But she says she looks at “women who wear great jeans and high heels and nice little T-shirts wandering around the city and I think, ‘I should make more of an effort. I should look like that,’” she says. “But then I think, ‘They can’t be happy in those heels.’”

Winslet has become a hero to fans for refusing to bow to Hollywood pressure to be skinny. (In 2007, she won libel damages after Britain’s Grazia magazine falsely reported that she used a diet doctor.)

Still, she says, “everyone can commit to 20 minutes” of working out, “especially if there’s a glass of Chardonnay afterwards.”

Above all, the actress wants fans to know she’s just like them – zits and all.
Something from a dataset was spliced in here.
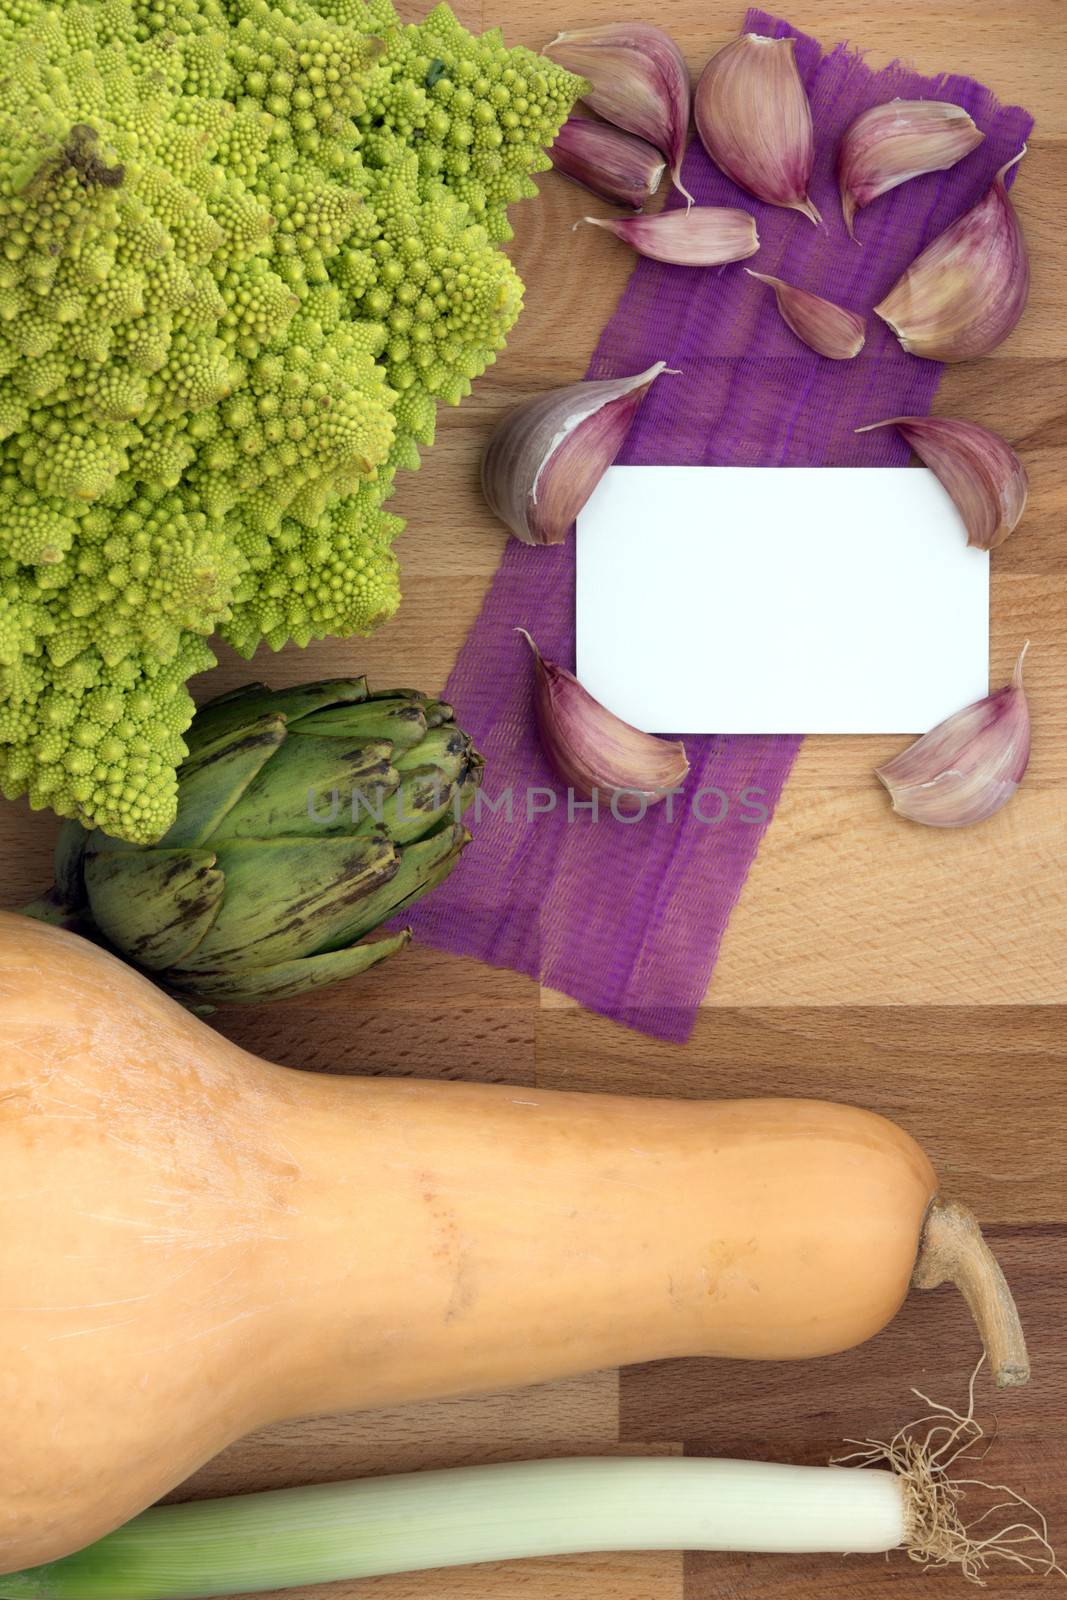 Vegetables on chooping board with white card for text

When she walks her children (Mia, 8, and Joe, 5) to school, she says, “Some [parents] will even say to me, ‘O.K., what’s the secret with the skin?’ At which point I’m like, ‘Oh my God, there’s no secret. I have makeup on.’

“And by the way, since I turned 30, I’ve had an acne problem on my chin,” adds the actress. “I’m just like everybody else — I just know how to cover it. If you’d like me to show you how, I’d be more than happy.”

She says she is lucky she’s wed to Sam Mendes, who directs her and Leonardo DiCaprio in the December drama Revolutionary Road.

“I need to be looked after,” she tells the magazine. “I’m not talking about diamond rings and nice restaurants and fancy stuff – in fact, that makes me uncomfortable. I didn’t grow up with it, and it’s not me, you know?

“But I need someone to say to me, ‘Shall I run you a bath?’ or ‘Let’s go to the pub, just us.’ I mean, the things that make me happiest in the whole world are going on the occasional picnic, either with my children or with my partner,” she says. “Big family gatherings, and being able to go to the grocery store — if I can get those things in, I’m doing good.”

What would really make her happy? Winning an Oscar.

“Do I want it? You bet your f–king ass I do!” admits Winslet, who’s been nominated five times. “I think that people assume that I don’t care or don’t want it or don’t need it or something. It’s hard to be there five times, and I’m only human, you know? But I don’t go home and cry, because we’re all grown-ups here.”